Using the listing below, give again exactly the lines from the line with "New ISABEL MARANT" to the line with "Featuring a fabulous", inclusive, without the pictures.

→ Data provided:
■ ■ ■ ■ ■ ■ ■
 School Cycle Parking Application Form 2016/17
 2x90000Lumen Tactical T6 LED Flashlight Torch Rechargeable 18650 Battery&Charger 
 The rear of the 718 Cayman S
■ ■ ■ ■ ■ ■ ■
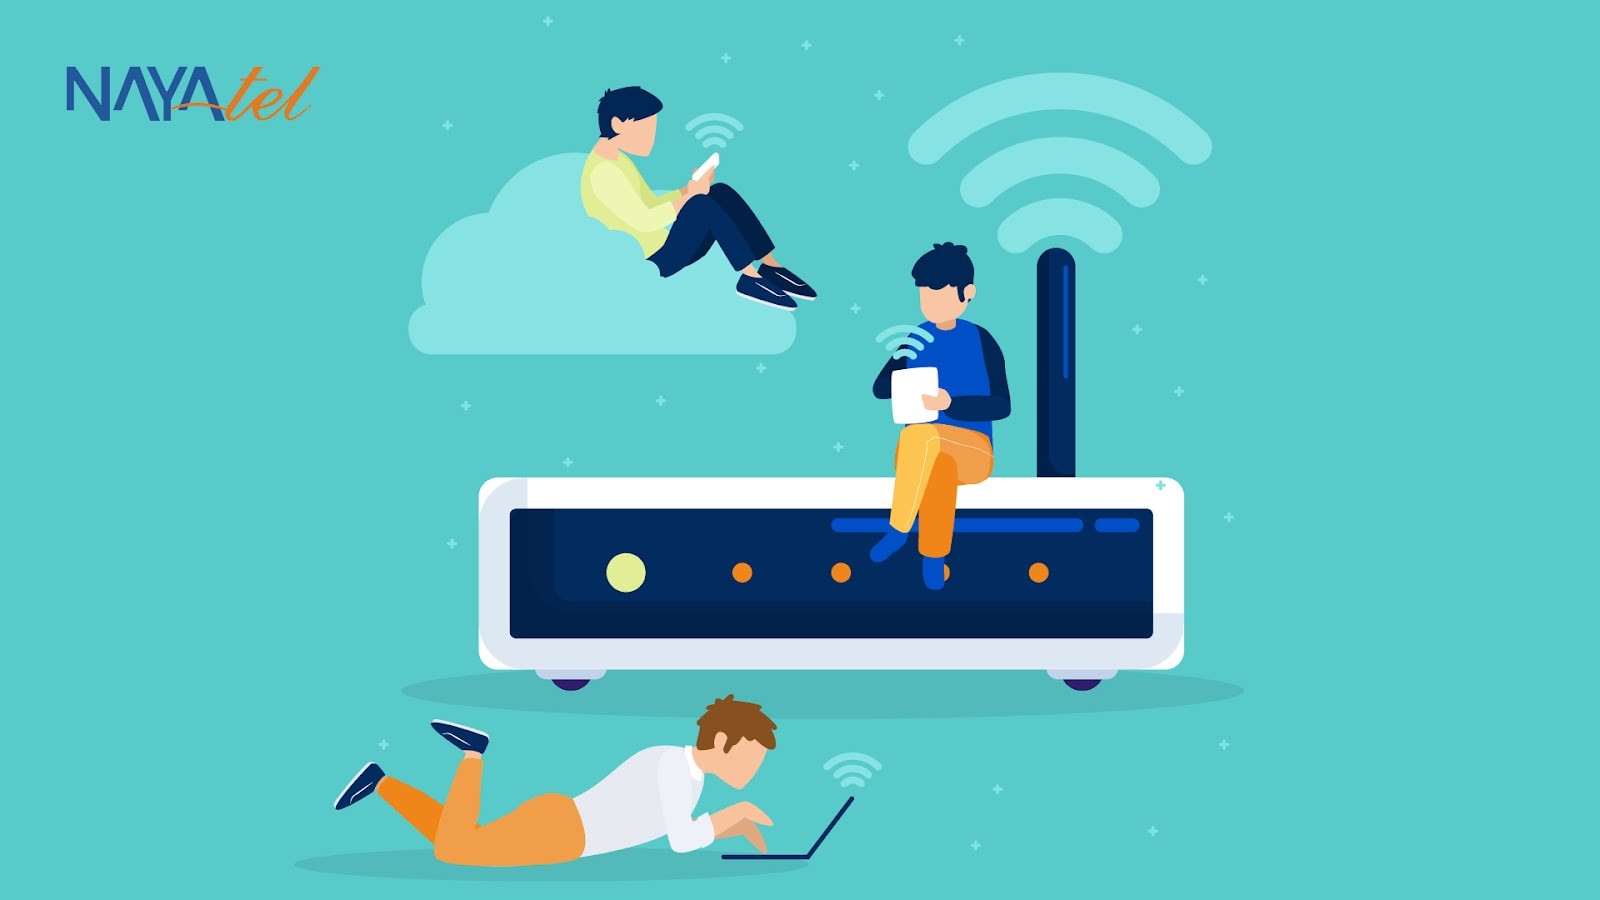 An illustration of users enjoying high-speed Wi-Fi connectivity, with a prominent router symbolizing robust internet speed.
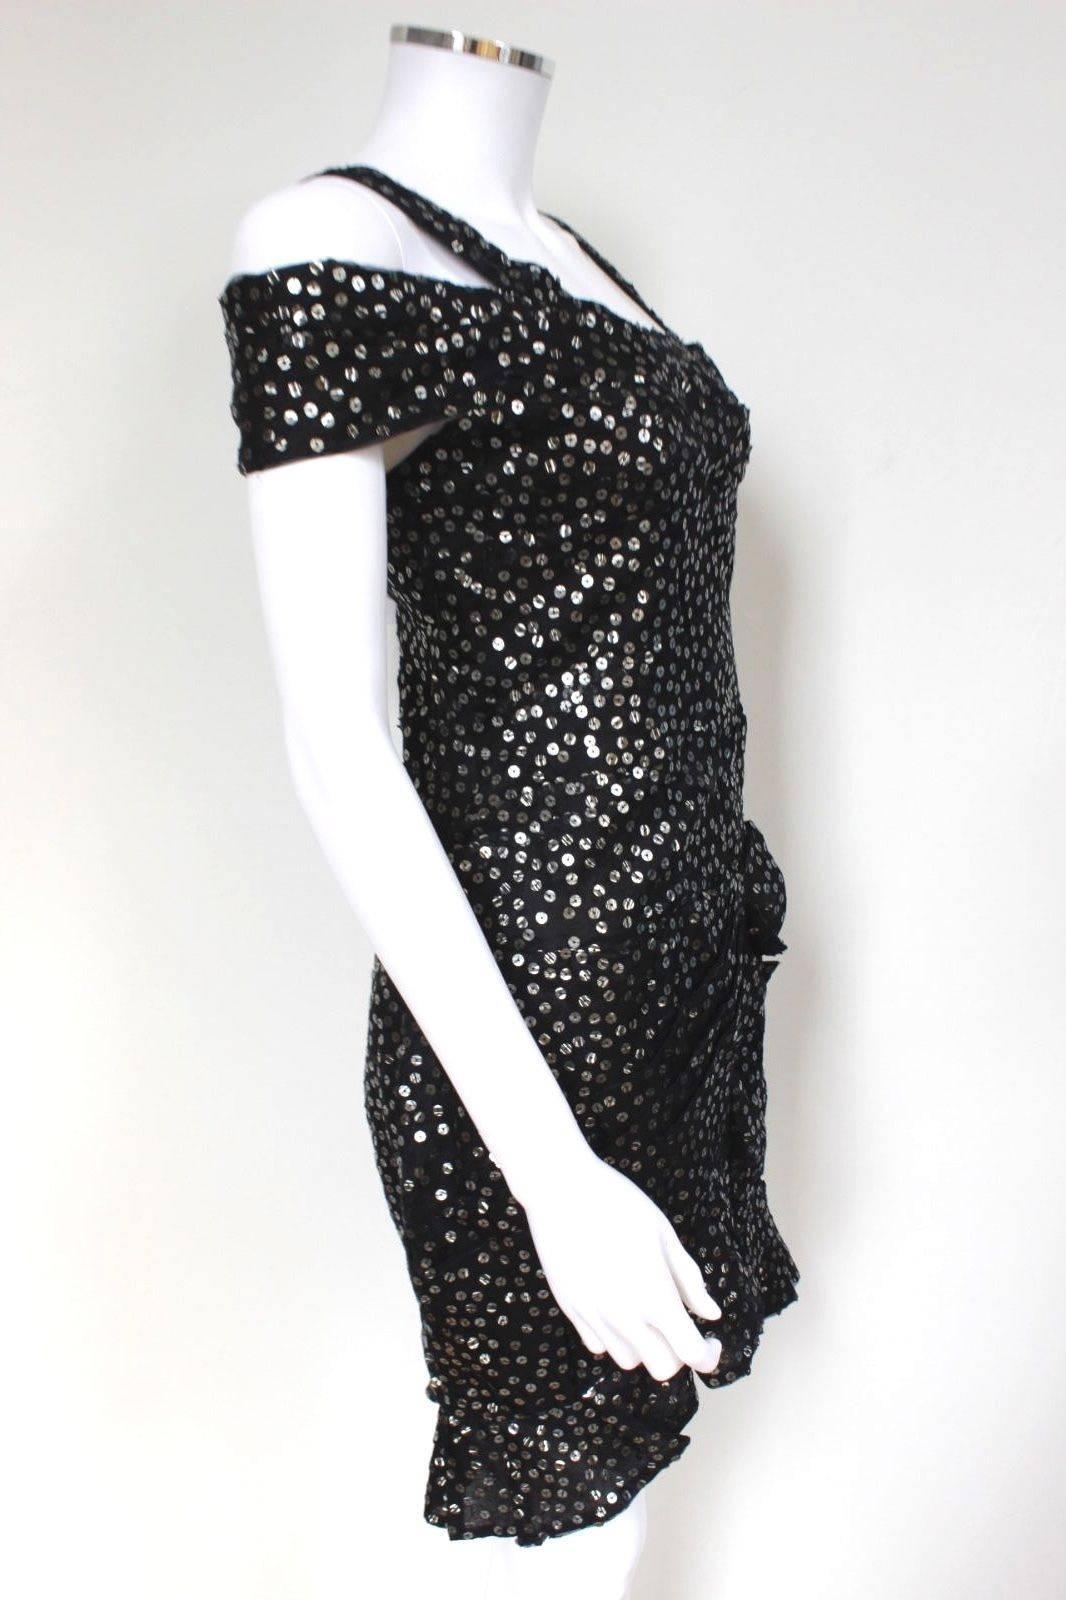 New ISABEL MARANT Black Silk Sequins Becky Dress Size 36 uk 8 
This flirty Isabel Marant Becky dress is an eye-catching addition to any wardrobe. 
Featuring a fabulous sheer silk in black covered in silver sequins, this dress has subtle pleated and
■ ■ ■ ■ ■ ■ ■
→ Expected output:
 New ISABEL MARANT Black Silk Sequins Becky Dress Size 36 uk 8 
This flirty Isabel Marant Becky dress is an eye-catching addition to any wardrobe. 
Featuring a fabulous sheer silk in black covered in silver sequins, this dress has subtle pleated and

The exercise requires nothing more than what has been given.